> What is being asked
Exactly reproduce the lines from the line bearing "Deep Nourishing Restorative Mask" through the end of the listing, inclusive of both; pictures are to be omitted.

> Data
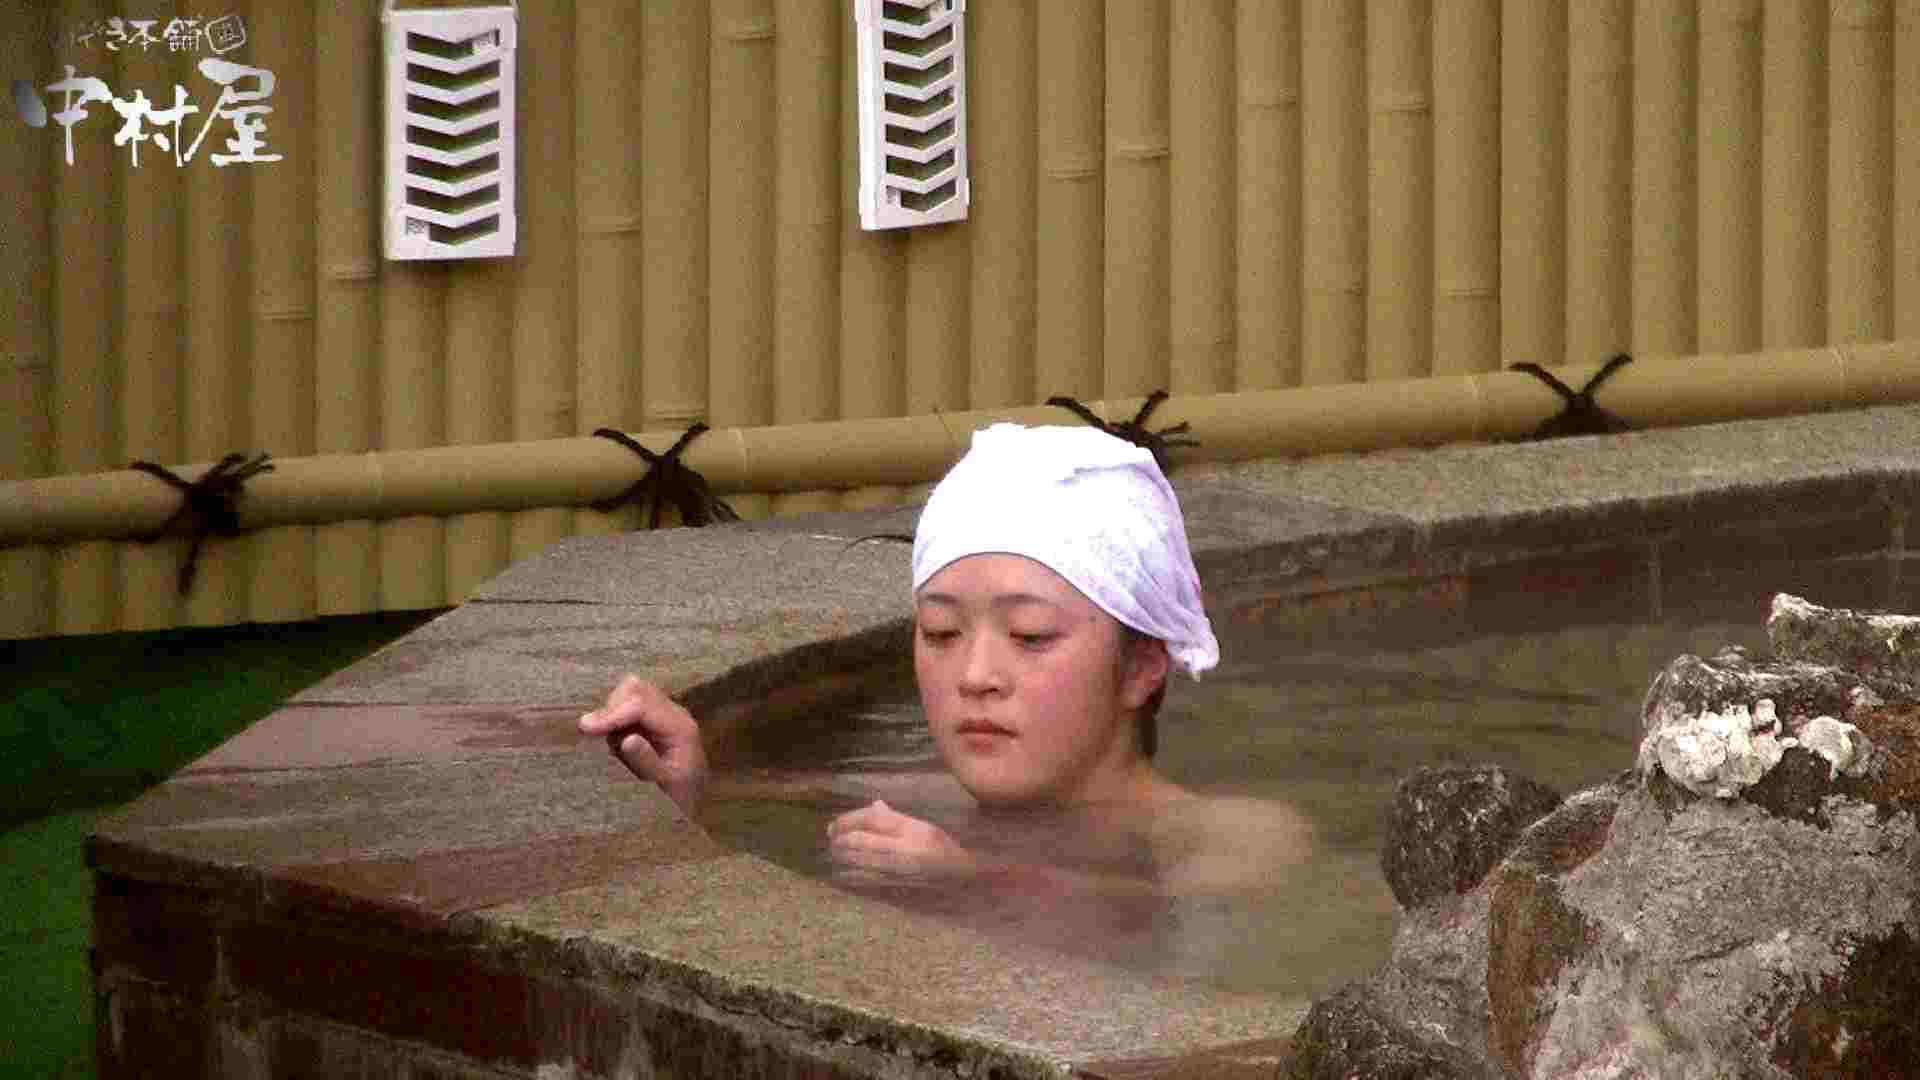 Aquaな露天風呂Vol.920 盗撮シリーズ | 露天風呂編  89PIX 17
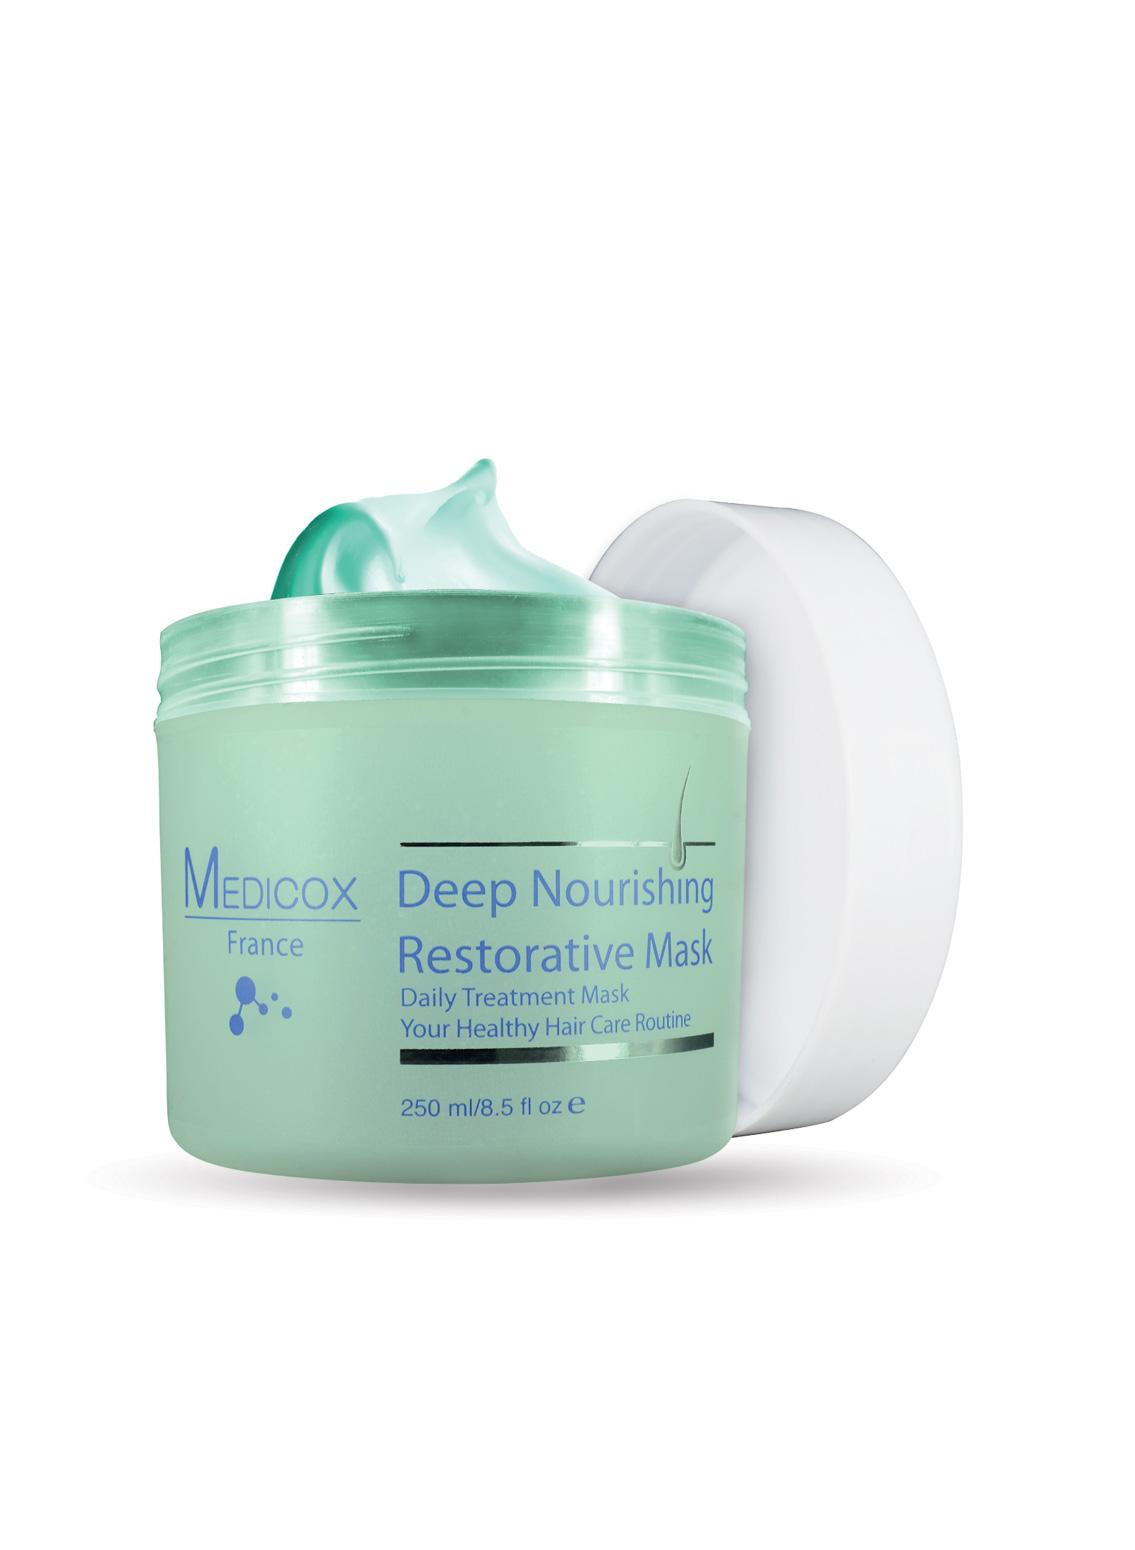 Deep Nourishing Restorative Mask
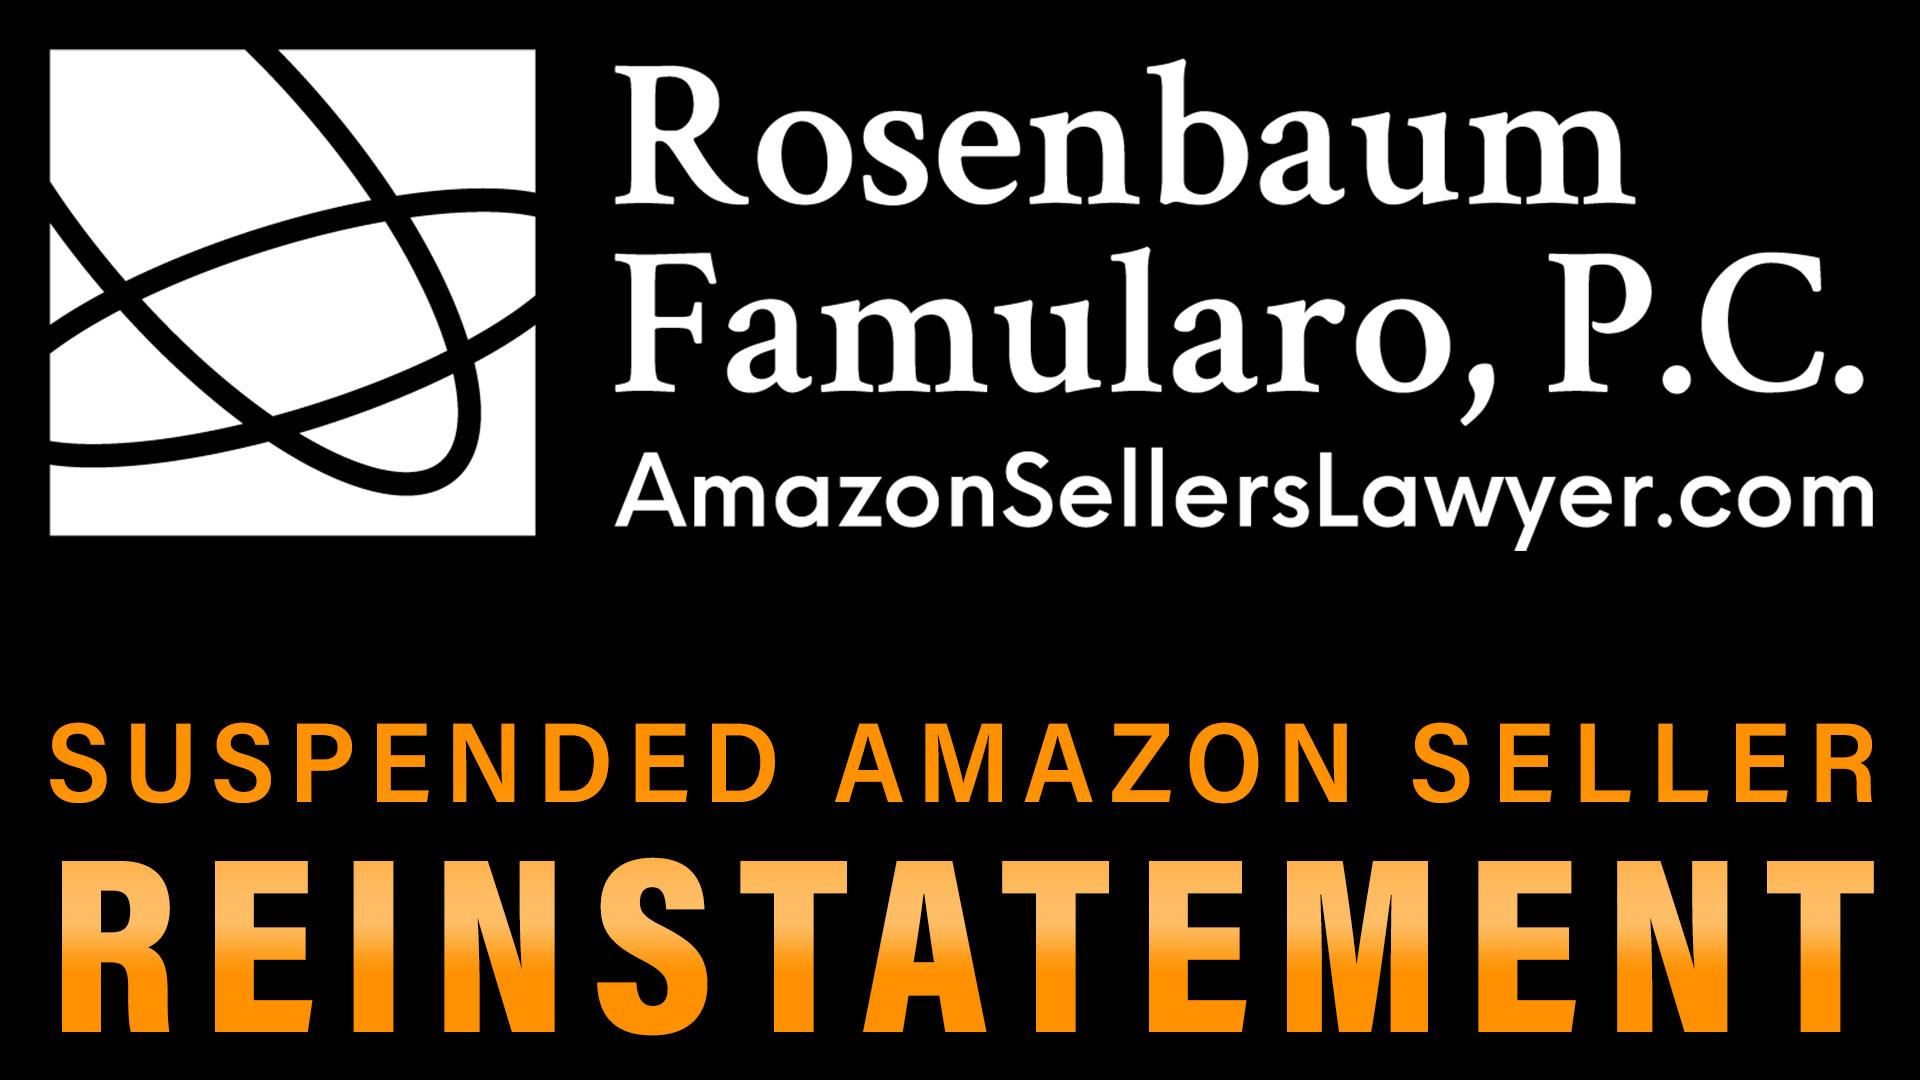 suspended Amazon seller reinstatement

> Task answer
 Deep Nourishing Restorative Mask
 suspended Amazon seller reinstatement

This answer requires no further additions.